Я вздохнула, пытаясь нацепить на себя поневу, которая была похожа на очень плотную, тяжелую юбку, которую еще и следовало подвязать специальным шнурком. Даже не юбка, а коврик какой-то! Кто вообще ее изобрел?!
- Да тут пока оденешься, задолбаешься. – проворчала я, наконец-то осилив первый этап.
С онучами у меня получалось еще хуже, пришлось Тихоне помогать мне намотать их как следует. Вот ведь кошмарная замена современных носков!

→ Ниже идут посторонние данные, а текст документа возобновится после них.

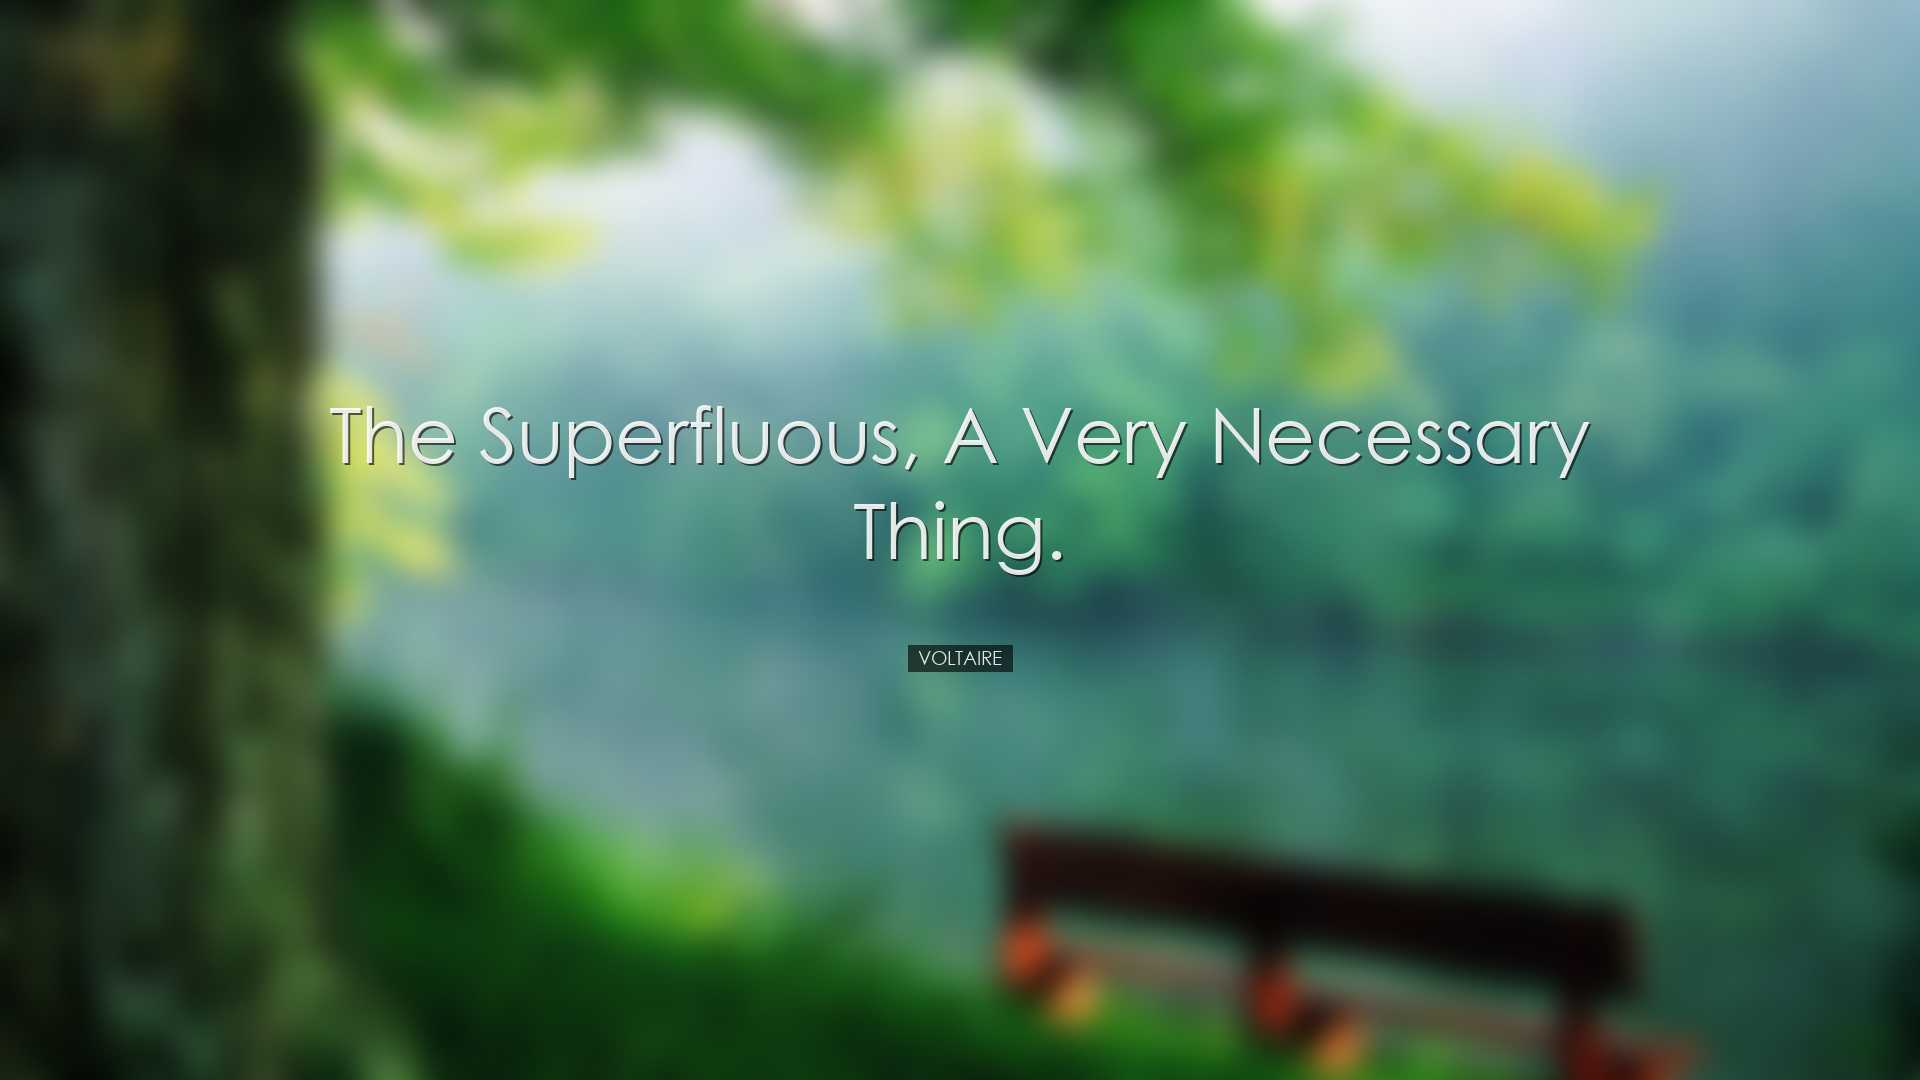 The superfluous, a very necessary thing. - Voltaire

Сиди тут по полчаса, ноги обматывай… неудобно – жуть.
Наконец, закончили. Тихоня моим видом остался доволен, тем более, что я расчесала волосы и повязала ленту в косу. У двери на деревянном крючке висел старый шерстяной платок. Я покрыла им голову и кивнула Тихоне, чтобы он шел за мной.